Superpower raises $30M Series A to build an AI doctor in everyone's pocket
Apr 22, 2025 with Max Marchione
Key Points
- Superpower closes $30M Series A to build an AI-powered consumer health platform that aggregates medical records, enables biomarker testing, and routes clinical recommendations through physicians to comply with FDA rules.
- CEO Max Marchione targets employer benefits as near-term distribution, betting companies will offer Superpower as a preventative health supplement to reduce workforce costs and compete for talent.
- Superpower partners with existing lab infrastructure like LabCorp and Quest rather than owning physical testing, avoiding the execution failures that derailed Theranos while waiting for finger-prick technology to mature.
Summary
Superpower has closed a $30 million Series A, which founder Jacob describes as the company's largest capitalization to date and, in his framing, enough to remove capital as a constraint as it scales.
The founding story is personal. In 2022, Jacob was hospitalized for close to four months after being diagnosed with Crohn's disease, underwent multiple surgeries, lost part of his stomach, and was left with a multi-million dollar bill. His read on what went wrong is structural: health systems are financially incentivized toward pharmaceuticals and surgery rather than identifying root causes. After posting about the experience on Twitter, he was connected to high-end concierge medicine practices that charge $50,000 to $100,000 a year and cater primarily to the tech billionaire class. Those practices run exhaustive testing, spend hours connecting the dots across a patient's full health picture, and assign a dedicated team to manage ongoing care. The gap between that experience and what most Americans have access to is Superpower's core pitch.
The product
Superpower is building what Jacob calls an AI doctor in everyone's pocket. The architecture aggregates a user's medical records and health data, makes comprehensive biomarker testing accessible, and layers on medical knowledge that Jacob argues does not fully exist in any single foundation model today.
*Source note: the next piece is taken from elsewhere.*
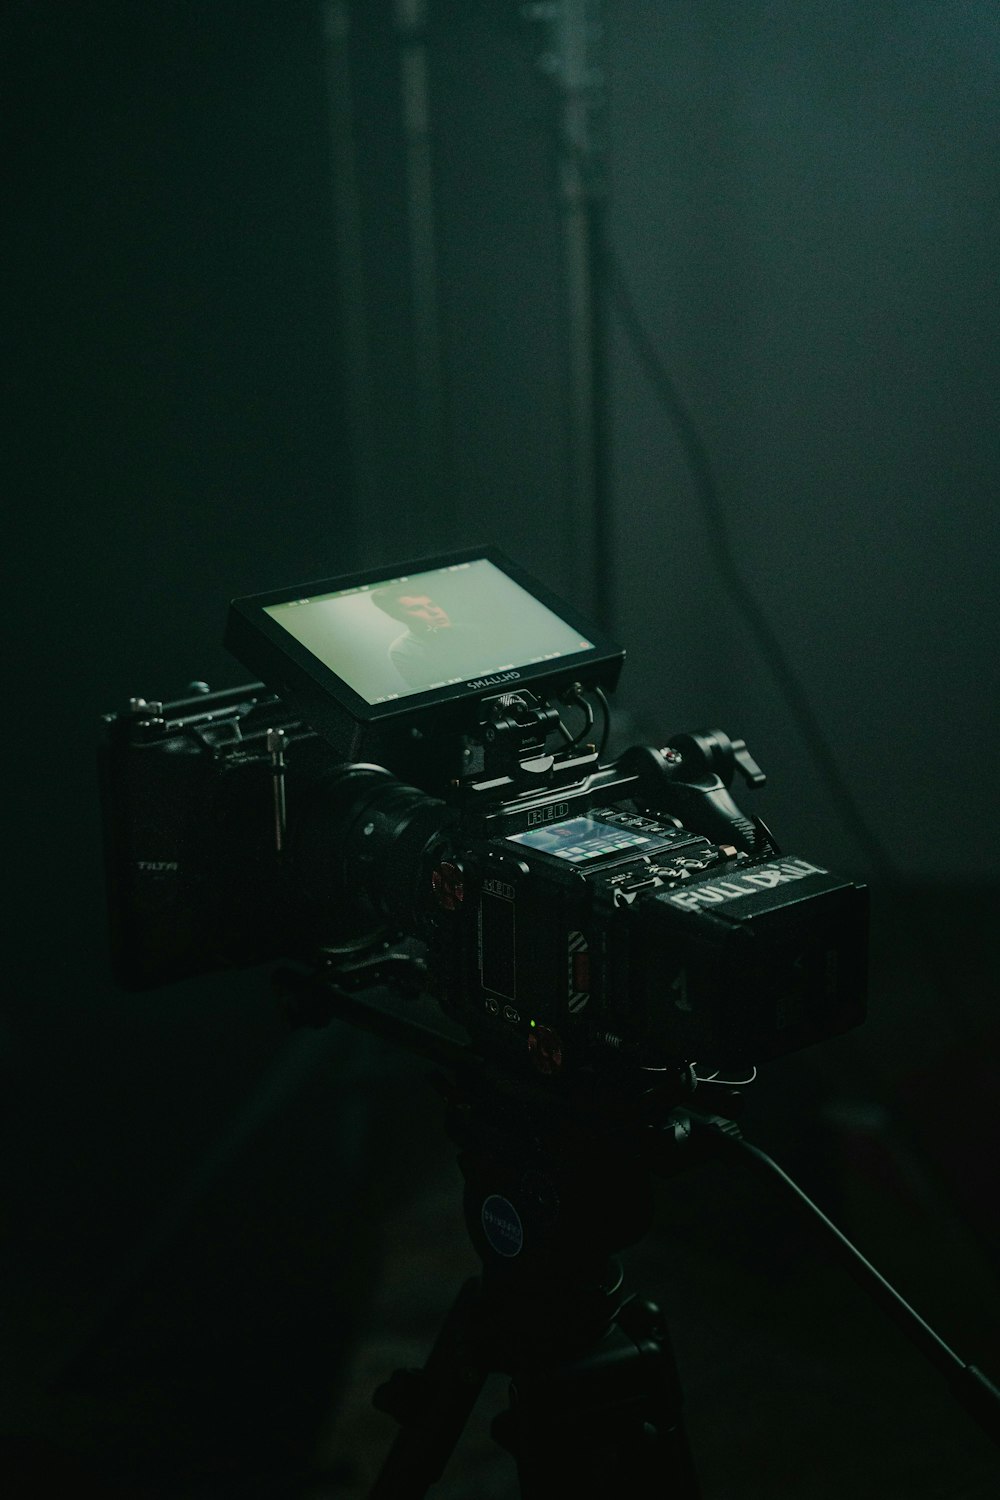 Una cámara instalada en una habitación oscura

Current foundation models, he says, are each trained on a subset of the medical and healthcare literature, so Superpower is pulling across multiple sources to get closer to a complete picture of what is happening at the edge of science and medicine.
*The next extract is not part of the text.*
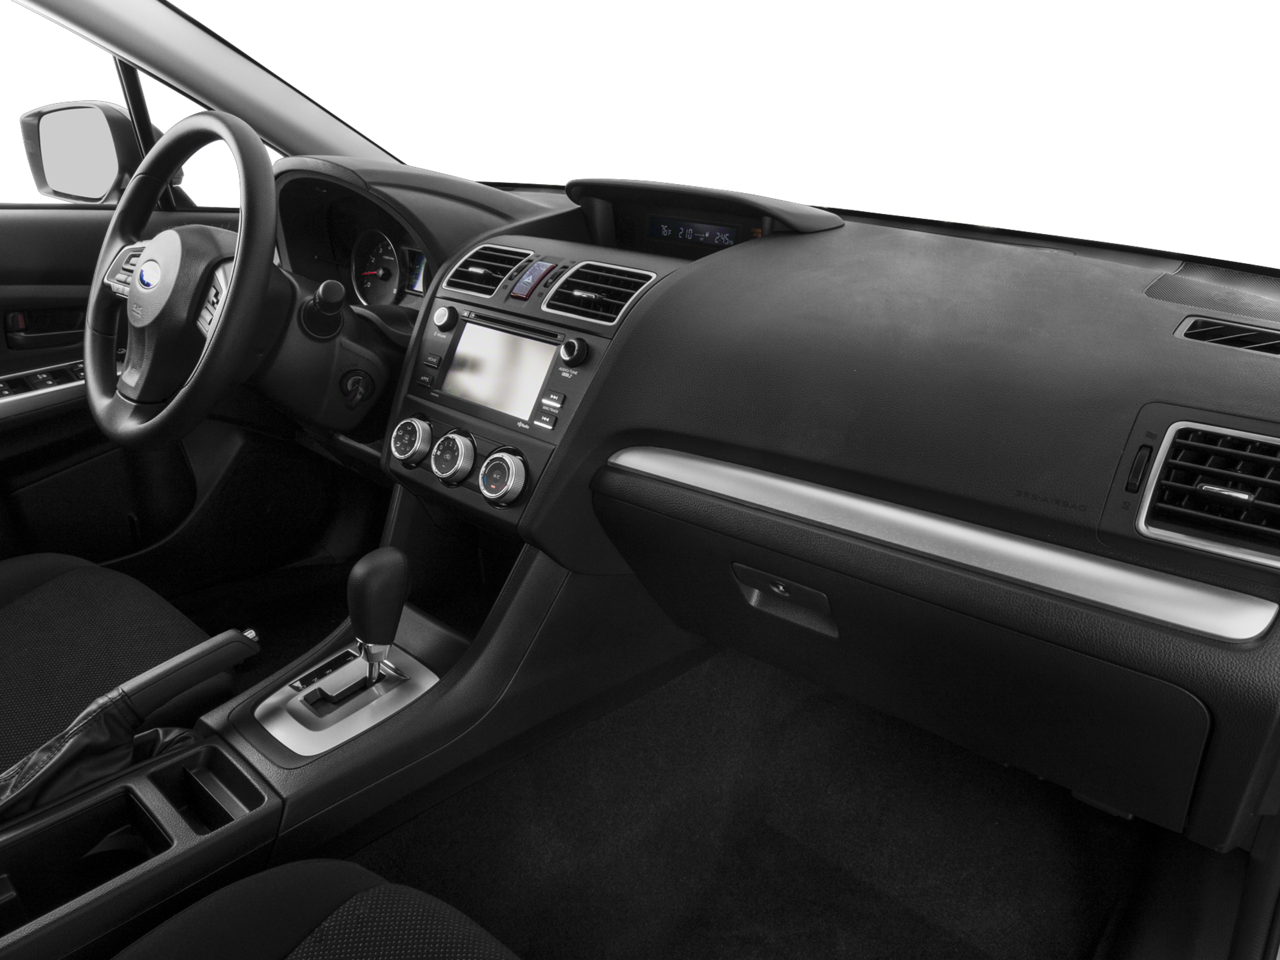 2015 Subaru Impreza 2.0i

The regulatory constraint is real and shapes the product design. AI cannot yet make a formal medical diagnosis or recommendation under current FDA rules, so Superpower has built a human-in-the-loop model: the AI handles analysis and pattern recognition, but any point requiring a firm recommendation hands off to a physician. Jacob describes this as the industry-wide paradigm for now, and the live demo at the end of the segment shows the product querying a user's own lab results and generating personalized guidance before routing to a doctor when a recommendation would cross the regulatory line.
Lab infrastructure and the Theranos question
On the testing side, Superpower builds at the application layer and routes through commoditized lab infrastructure like LabCorp and Quest rather than attempting to own the physical lab process. Jacob sees the current testing experience — nurses visiting homes, eight or nine tubes of blood, results taking a week, a dozen friction points — as something that will improve materially over the next few years, with a legitimate Theranos-style finger-prick model potentially not far off. His lesson from Theranos is narrow: don't apply move-fast-break-things to consumer health. Healthcare requires a different standard of care than software, and the failure was one of execution and integrity, not of the underlying vision.
Go-to-market logic
Jacob's near-term distribution bet is employer benefits. Because the average American changes jobs every two to three years and health coverage is tied to the employer, insurers have no incentive to underwrite long-term preventative or optimization-focused care. That creates an opening for employers to offer Superpower-style preventative health as a supplemental benefit, both to differentiate in a competitive hiring market and to reduce long-term health costs in their workforce. Jacob sees this as an inevitable employer category, not a fringe perk.
The longer-term ambition is for a large majority of Americans to carry Superpower as their primary consumer health app, making it the dominant platform as consumer healthcare finally catches up to the reinvention that has already happened across most other industries.